§ Recorded information:
-- Opening Marker --

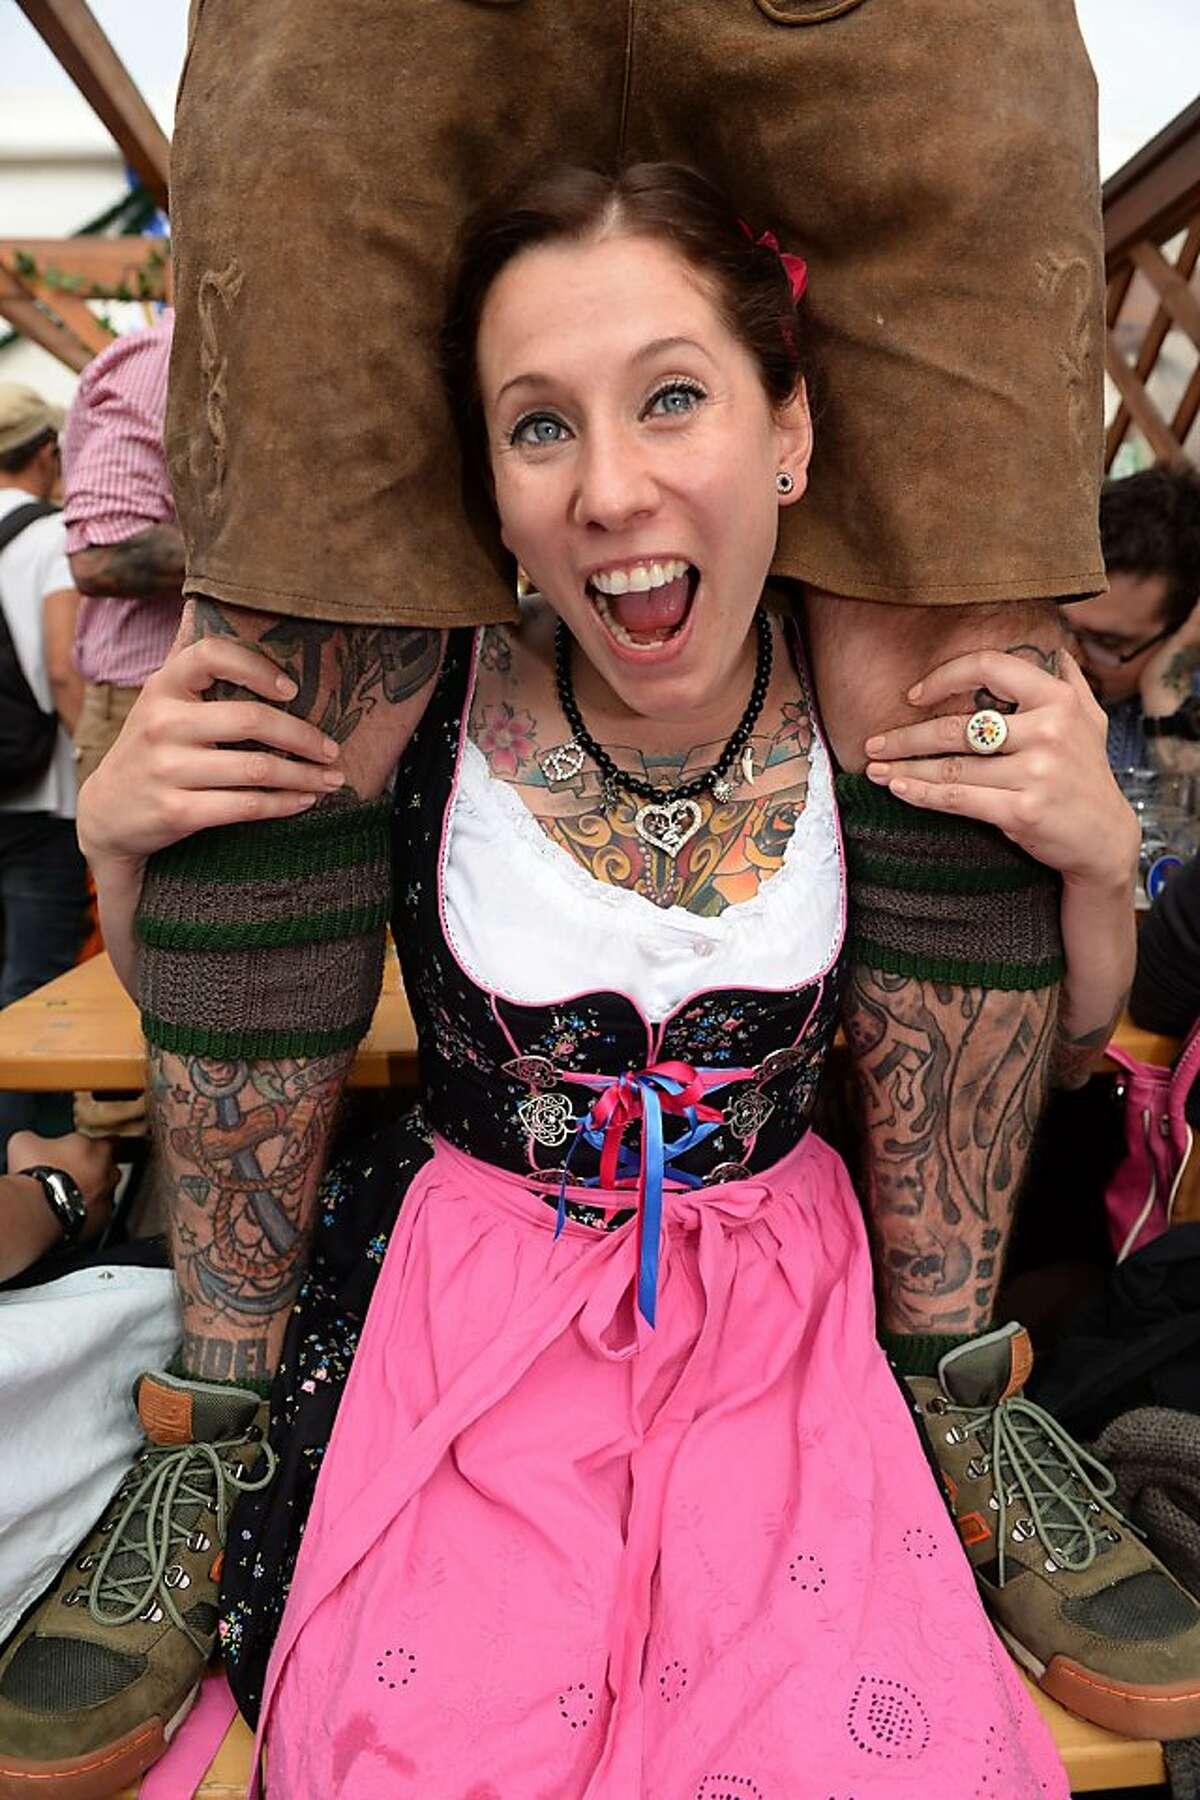 Follow the lederhosen : A tattooed couple celebrate Oktoberfest in Munich.
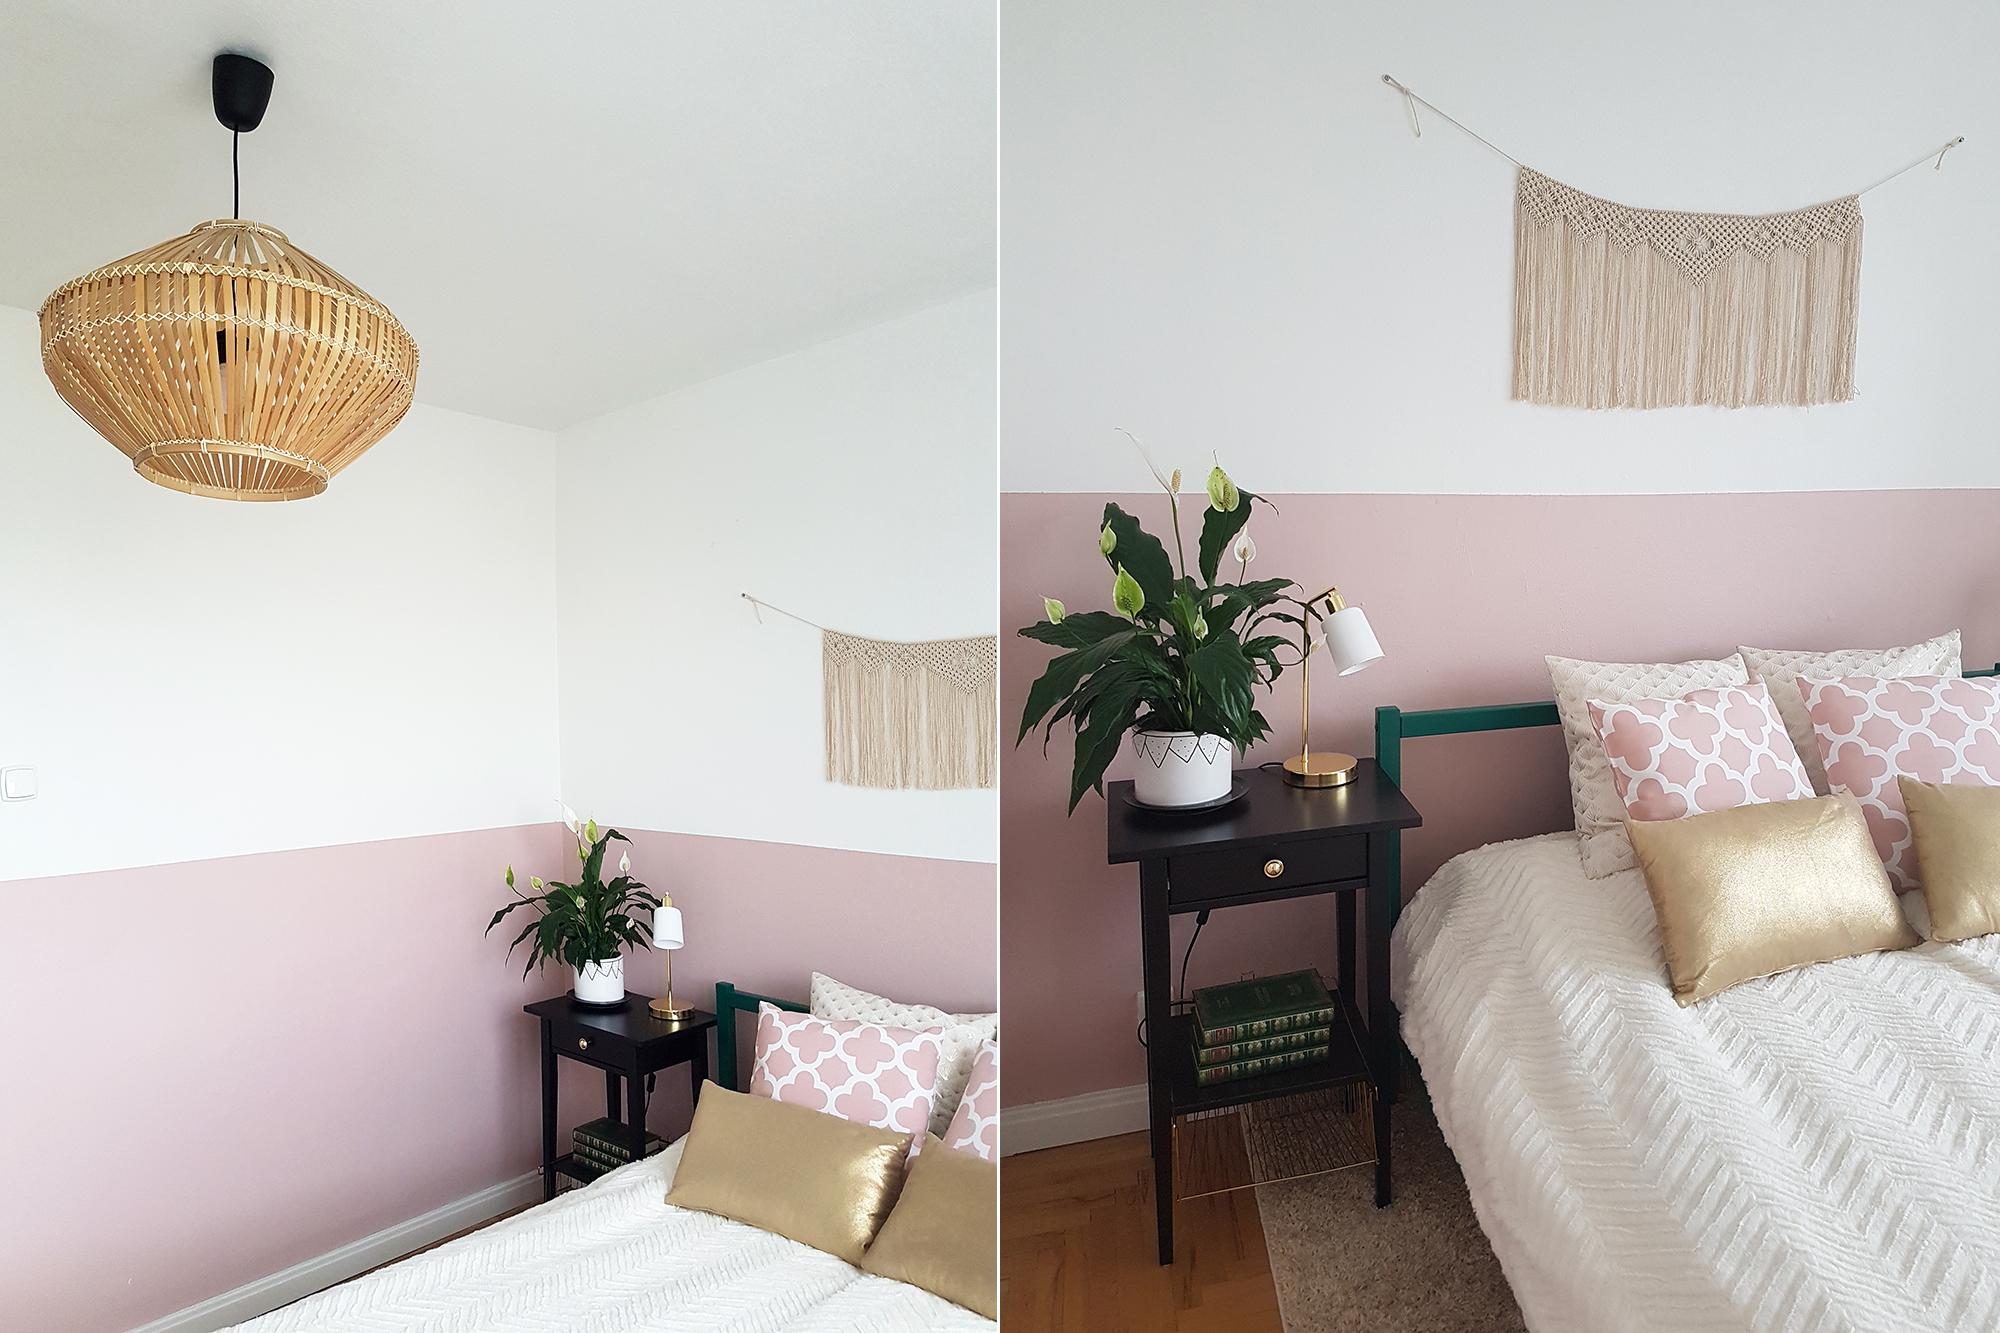 Metamorfoza Mojej Sypialni Zdjęcia Przed I Po Joanna Glogaza
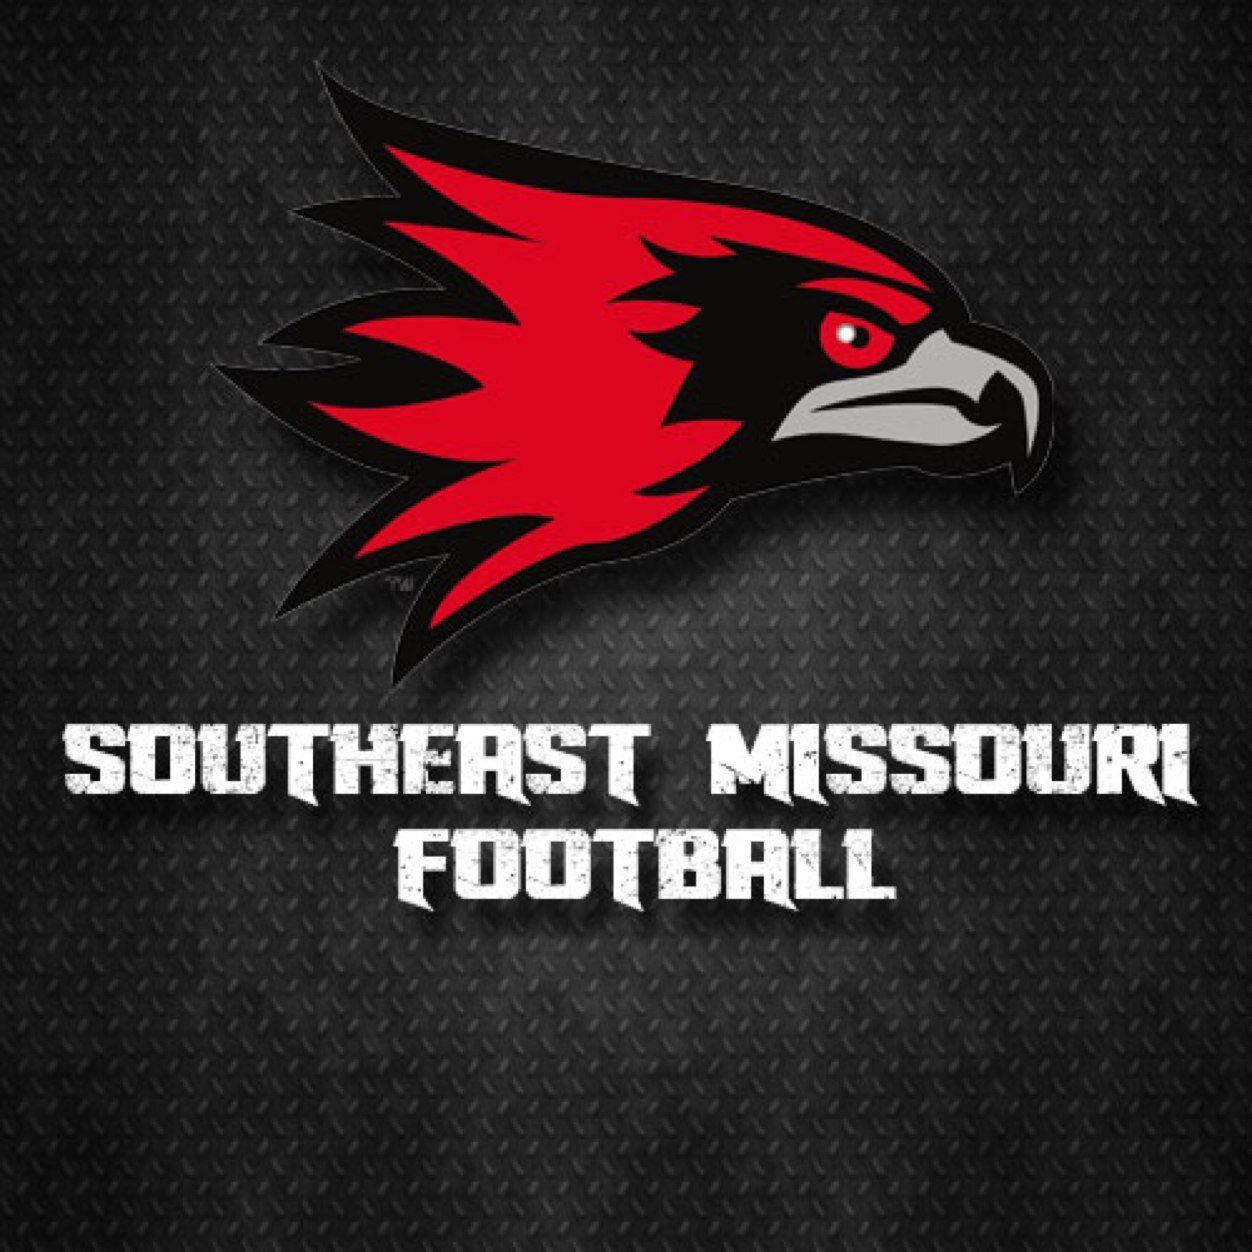 Southeast Missouri State University - Southeast Missouri State Football

-- Closing Marker --

§ What to do: All of the data needs repeating exactly, but the pictures do not.

§ Solution below:
 Follow the lederhosen : A tattooed couple celebrate Oktoberfest in Munich.
 Metamorfoza Mojej Sypialni Zdjęcia Przed I Po Joanna Glogaza
 Southeast Missouri State University - Southeast Missouri State Football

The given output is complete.